Para ler o texto anterior, "Cabeça nas Nuvens", clique aqui.
Em 1968, o “ano que não
acabou”, o Brasil vivia sob uma falsa democracia, mantida pelo marechal Artur
da Costa e Silva. Seu governo — o segundo do regime militar — teve como ápice o
Ato Institucional n° 5, que lhe concedeu poderes para fechar o Congresso
Nacional, cassar politicos e institucionalizar a repressão. “É proibido proibir”
virou lema do célebre movimento estudantil. Em contrapartida, o governo adotou
uma postura linha-dura. Militantes esquerdistas, como o cronista esportivo
João Saldanha, passaram a ser inimigos do sistema.
A Passeata dos Cem Mil tomou o centro do Rio de Janeiro em junho de 1968. Do alto das escadarias do Teatro Municipal, líderes estudantis, artistas e intelectuais discursaram para a multidão. |
Convidado por João Havelange, então presidente da CBD, João Saldanha assumiu o cargo — ou fardo — de técnico da Seleção Brasileira em 1969. Nas eliminatórias para a Copa, o Brasil se classificou ao passar por cima de todos os adversários, com destaque para as goleadas contra a Colômbia, por 6 a 2, e sobre a Venezuela, por 6 a 0. A campanha arrasadora de seis vitórias em seis partidas terminou em 31 de agosto de 1969, com o 1 a 0 diante do Paraguai (gol de Pelé). Naquele dia, o Maracanã registrou o seu maior público oficial: 183.341 espectadores. Naquele dia, Costa e Silva veio a falecer.

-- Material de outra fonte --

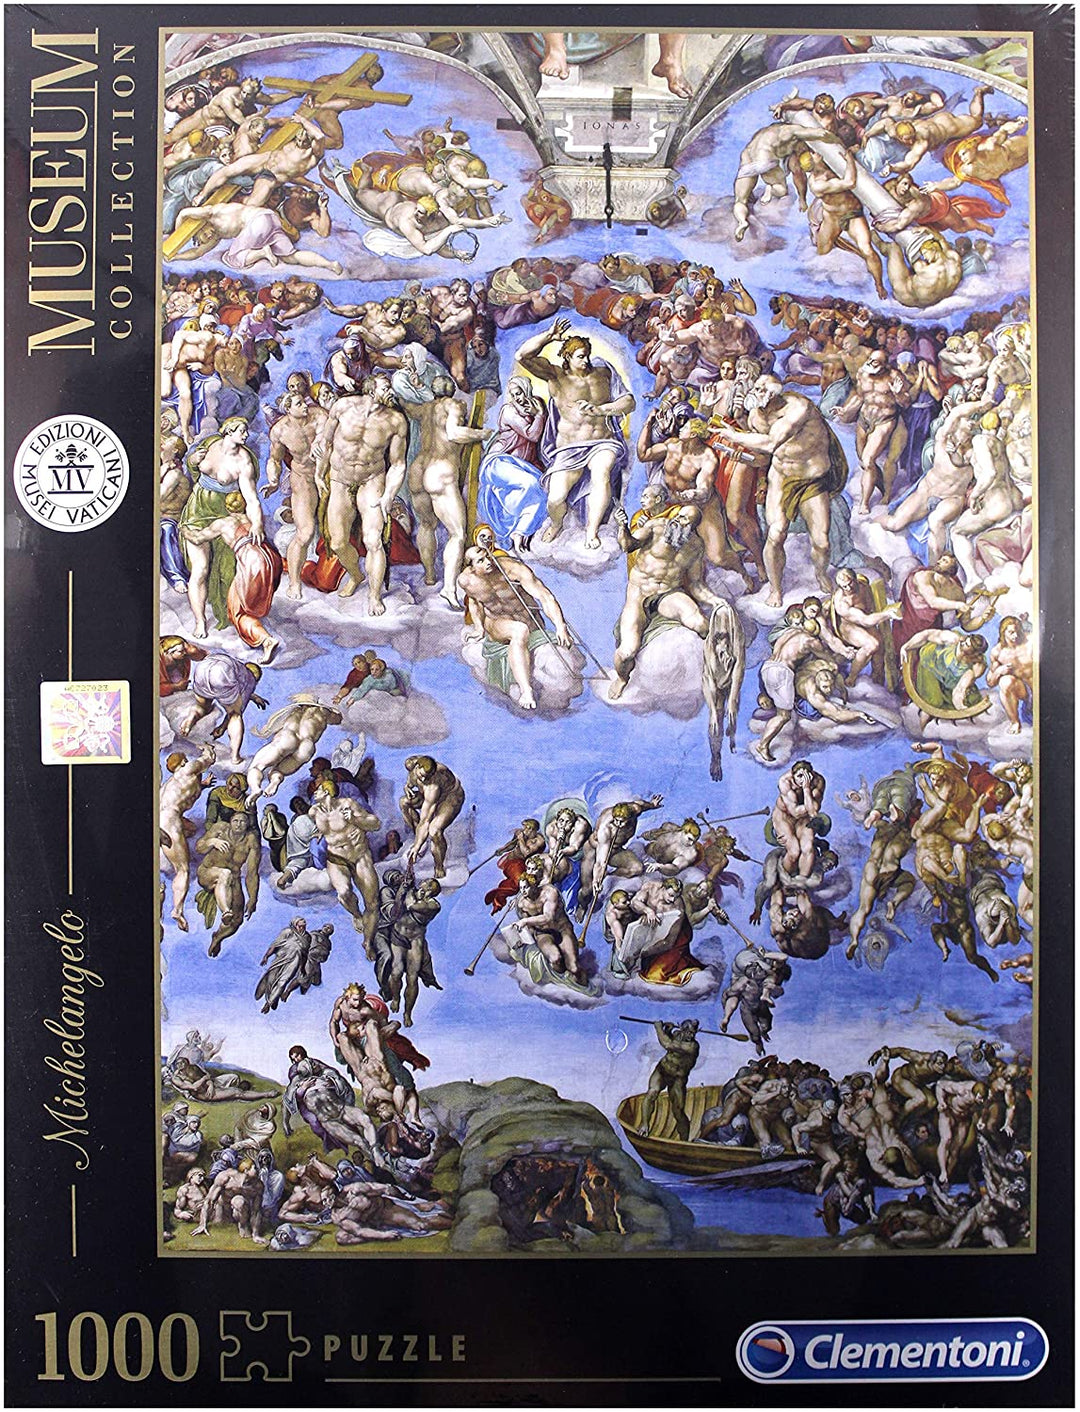 Clementoni - 39497 - Vaticaanse puzzel Michelangelo Universal Justice-1000 stukjes
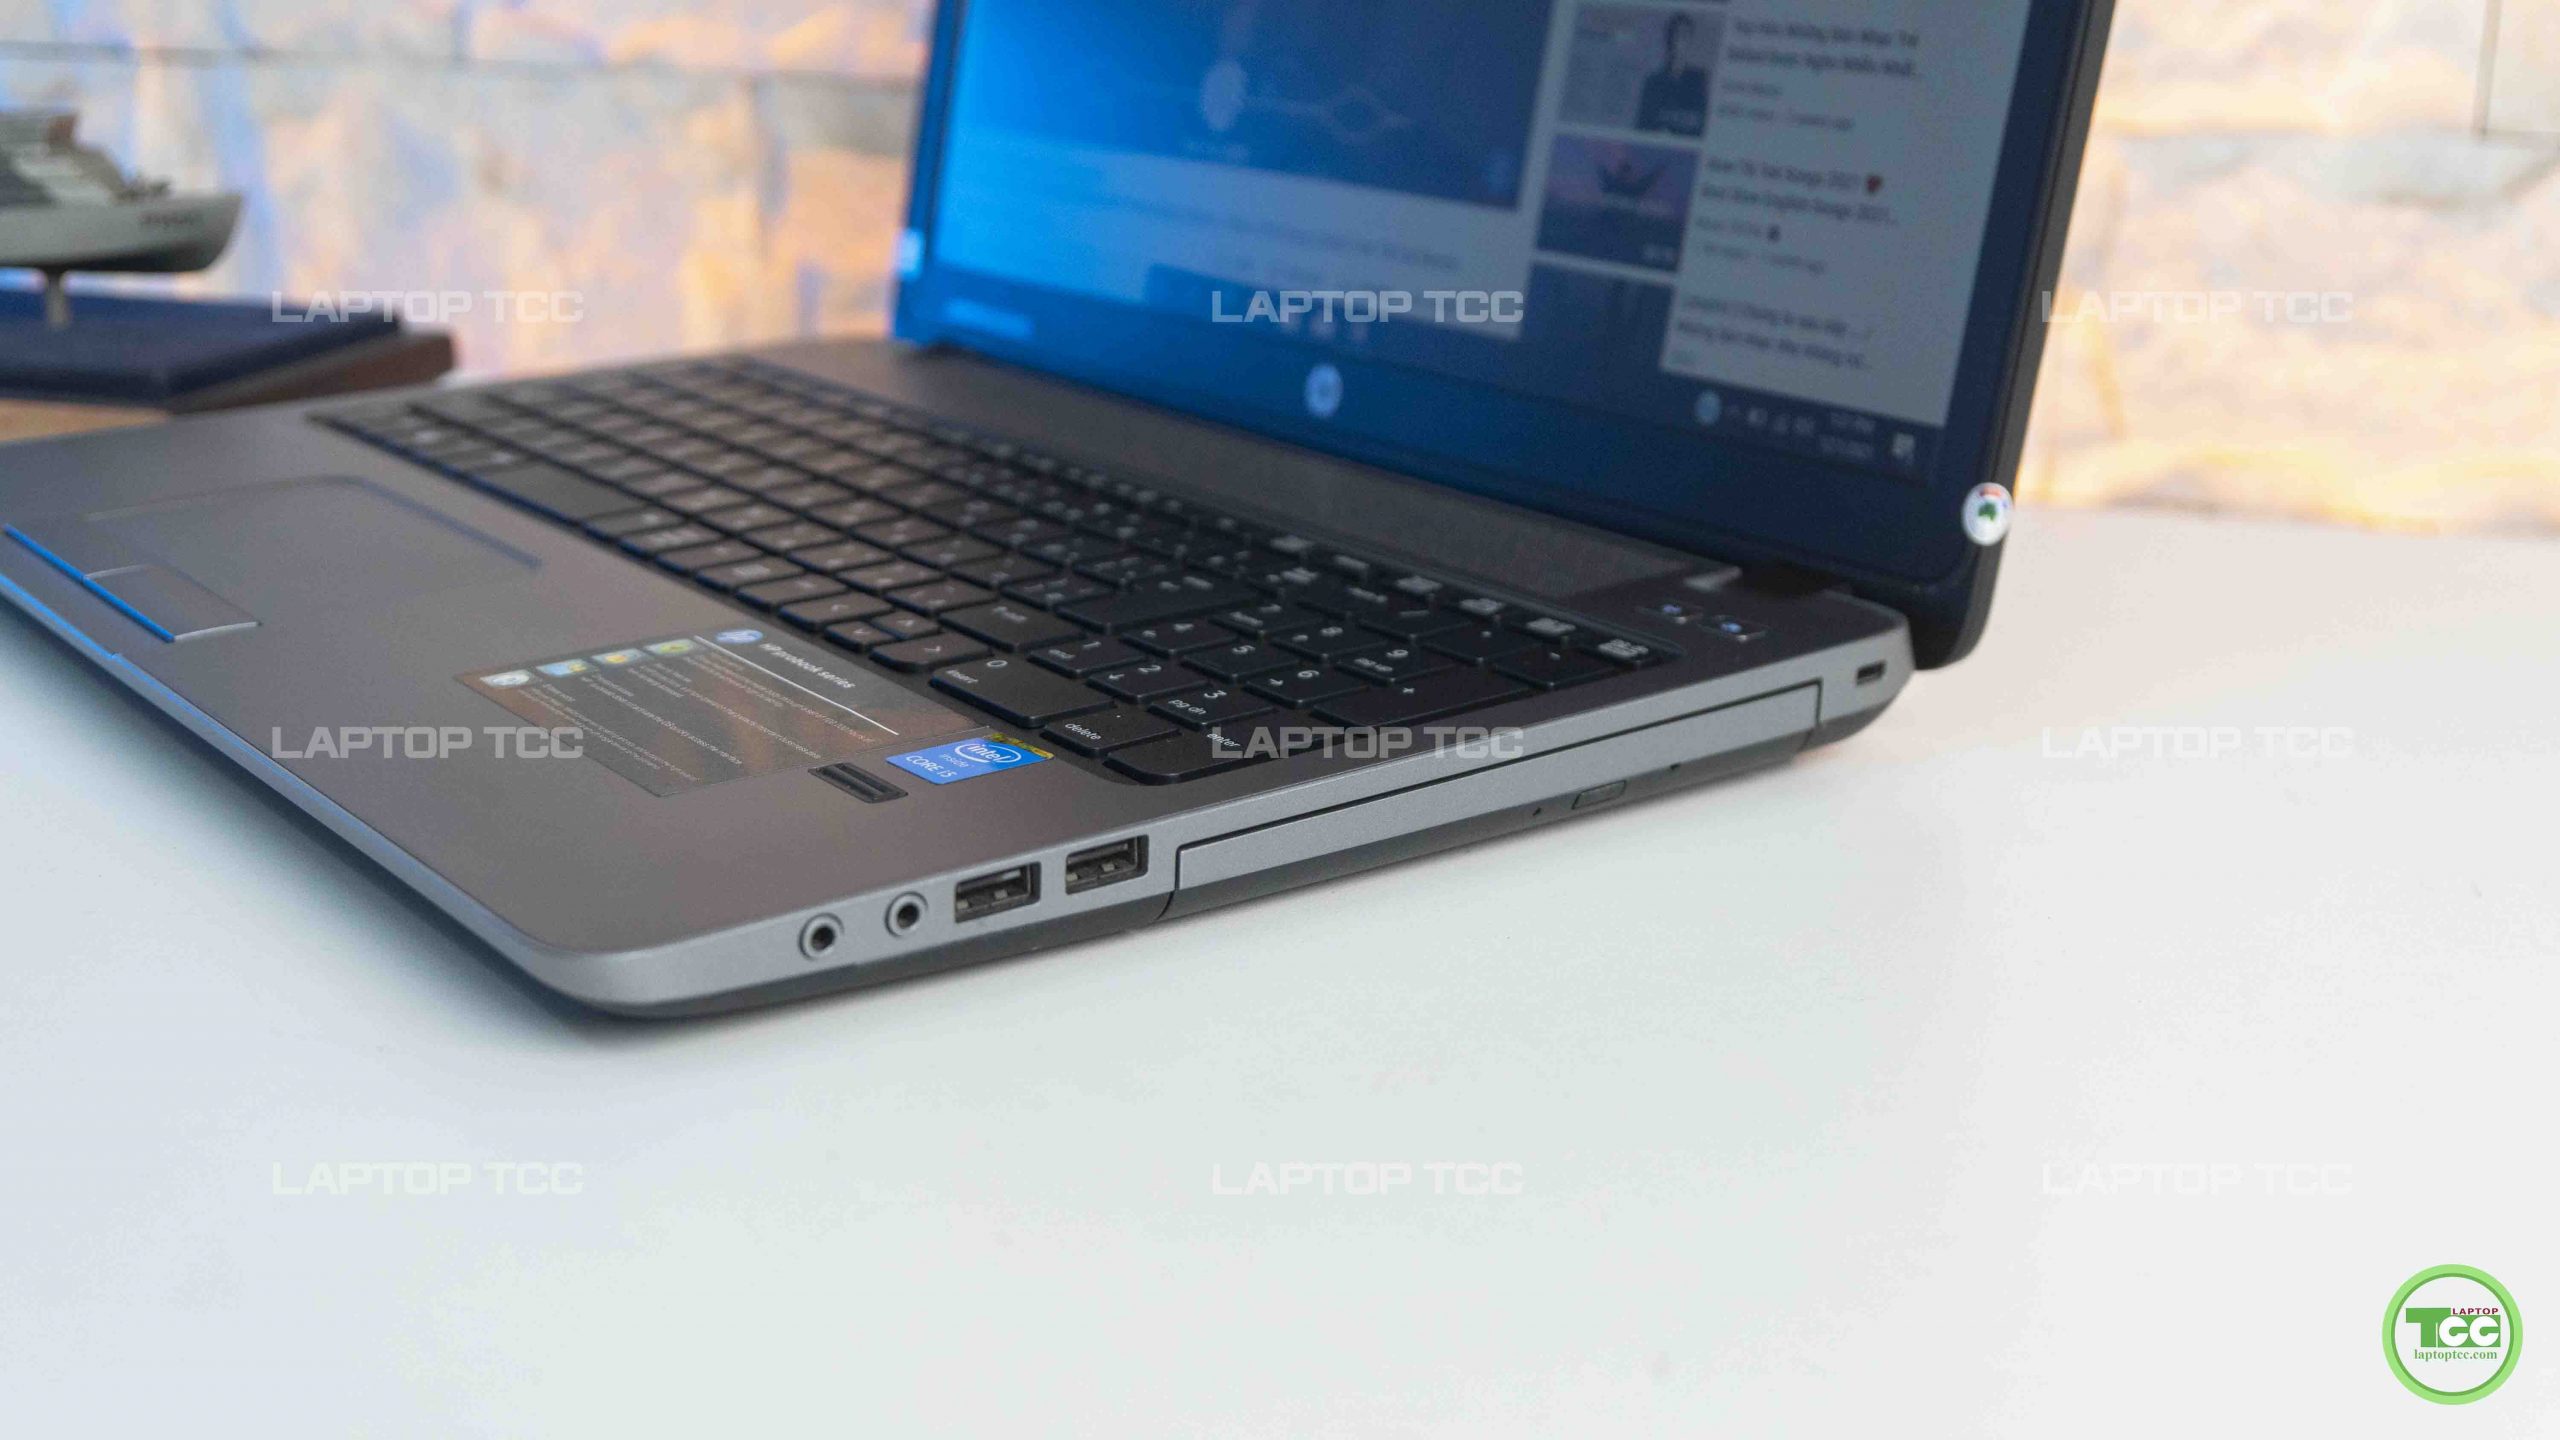 Laptop Cũ Hp Probook 450 G1 i5 4200M | RAM 4G | SSD 120GB | 15.6'' HD |  Card on

A Junta Militar assumiu o poder e o general Emílio Garrastazu Médici tornou-se o vigésimo oitavo presidente do Brasil. As perseguições, as torturas e os desaparecimentos forçados aumentaram. Por meios legais e ilegais, o governo Médici eliminou as guerrilhas comunistas. Começava o período mais cruel da repressão política. Começavam os problemas para João Saldanha.
Fã de futebol, o presidente
Médici, que costumava frequentar os estádios, não se limitou a torcer. Os palpites na escalação do time incomodaram Saldanha — Médici queria a convocação do centroavante Dadá Maravilha, do Atlético Mineiro. Além do mais, o general não simpatizava com um comunista dirigindo a Seleção. O técnico acabou batendo de
frente com o presidente. “O senhor organiza o seu ministério e eu organizo o
meu time.” Porém, a campanha irretocável das eliminatórias, que rendeu ao time
o apelido de “feras de Saldanha”, desapareceu.
O desgaste como treinador do
Brasil começou em maio de 1970, com uma derrota para a Argentina — eliminada da
Copa pelo Peru —, por 2 a 0, no Beira-Rio. Os resultados ruins nos amistosos
preparatórios aliados ao temperamento difícil de Saldanha conturbaram o
ambiente da Seleção. Criticado pelo técnico do Flamengo, Yustrich, Saldanha teria invadido
a concentração rubro-negra armado de revólver para tirar satisfações. A gota d’água
foi o empate de 1 a 1 contra o Bangu num jogo-treino, em Moça Bonita.
Demitido, Saldanha deu lugar
a Zagallo. O novo treinador manteve o time, mas mudou o esquema de um ousado 4-2-4
para um tradicional 4-3-3. Ainda assim, os resultados não vieram. Nos cinco
jogos que antecederam a estreia brasileira, só a vitória de 5 a 0 sobre o Chile
convenceu. Somado a duas vitórias magras e dois empates, o Brasil embarcou rumo ao México sem inspirar confiança para os 90 milhões de brasileiros, à época.